La méditation ne date pas d’aujourd’hui, et la gourmandise non plus

Tu imagines un morceau de beurre mou, de la grosseur et de la forme d’un œuf de cane et d’une couleur et d’un parfum purs, posé sur le sommet de ton crâne. En fondant lentement, le beurre te procure une sensation exquise, onctueuse et enveloppante, qui envahit progressivement ta tête, aussi bien en surface qu’à l’intérieur.

Le beurre continue de s’écouler

doucement en enveloppant tes épaules, tes coudes et ta poitrine ; il se répand dans tes poumons, ton diaphragme, ton foie, ton estomac et tes intestins ; il s’écoule le long de ta colonne vertébrale jusque dans tes hanches, ton bassin et tes fesses.

Arrivé là,

l’écoulement (de l’esprit) vers le bas du corps aura entrainé toute la congestion accumulée à l’intérieur des cinq organes et des six viscères, et toutes les douleurs et les souffrances logées dans l’abdomen et les autres parties du corps.

Tu entendras alors distinctement

le son de l’eau qui tombe goutte à goutte.

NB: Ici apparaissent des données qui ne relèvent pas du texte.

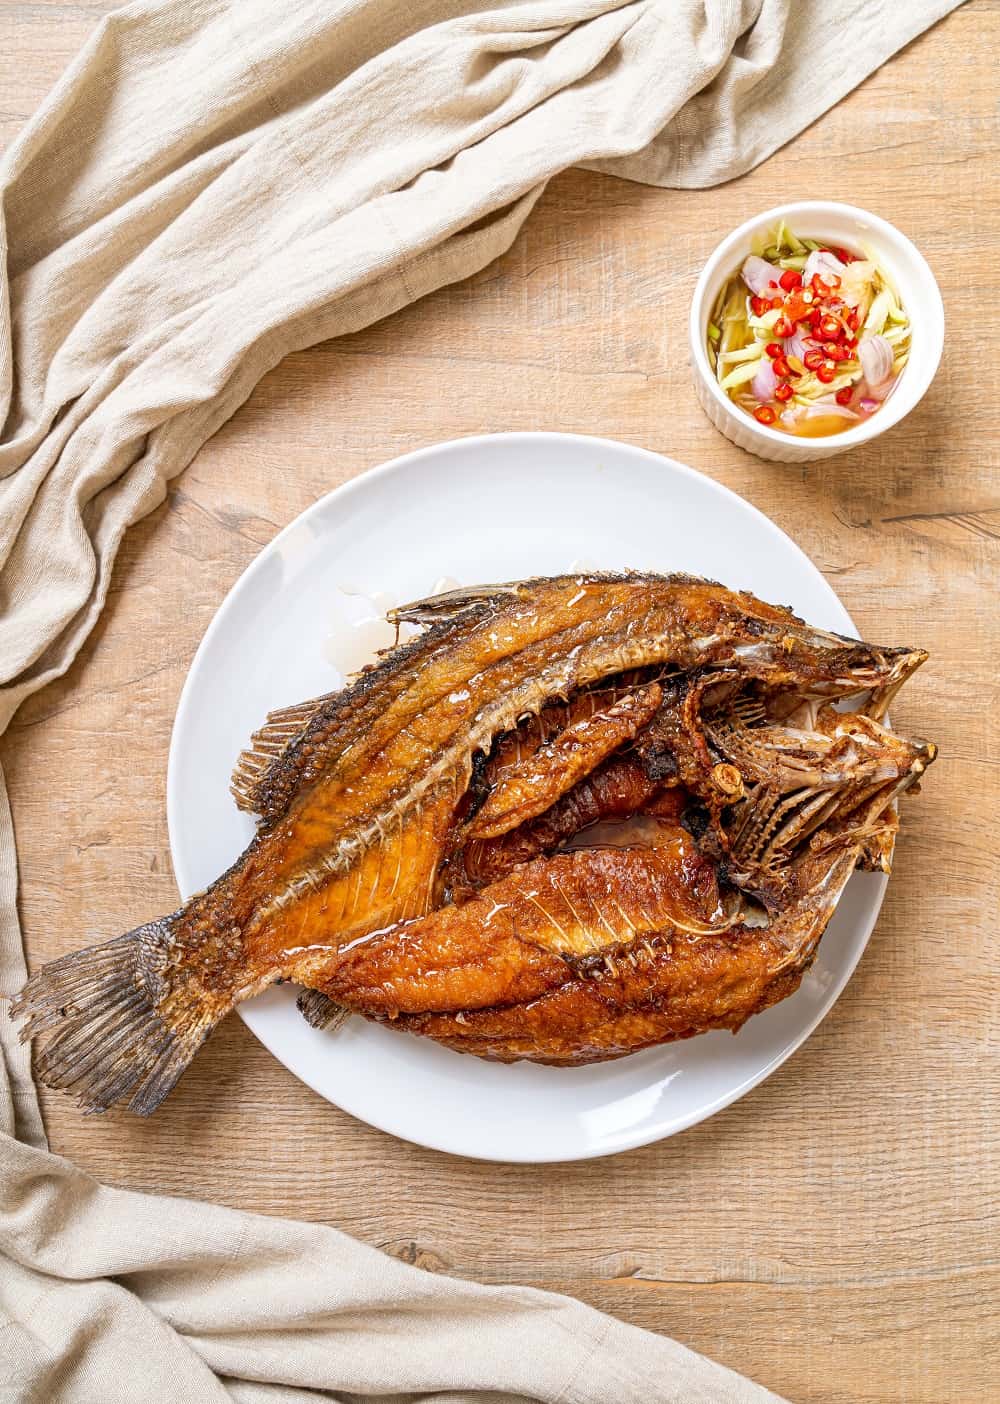 4 Ways To Reheat Fried Fish

La sensation continuera de se répandre plus bas dans ton corps et baignera tes jambes d’une chaleur bienfaisante, jusqu’à rejoindre la plante de tes pieds où elle s’arrêtera.

Tu dois ensuite refaire cette contemplation.

A mesure que ton énergie vitale s’écoule vers le bas, elle remplit progressivement la partie inférieure de ton corps qu’elle baigne d’une chaleur  pénétrante, ce qui te donnera l’impression d’être assis jusqu’à la taille dans une décoction de plantes rares et odorantes, cueillies et préparées par un savant médecin.

Voici l’histoire de cette merveilleuse méditation

Le maître zen Hakuin vécut de 1686 à 1768. Il a rencontré, un jour, un ermite qui lui a donné ces magnifiques recommandations.

A mon tour,

Je vous recommande vivement cette méditation. C’est tout à fait le genre d’exercice que je fais la nuit lorsque je ne parviens pas à dormir. Et ça marche !

Je vous souhaite d’agréables moments de détente et de bien-être en votre compagnie.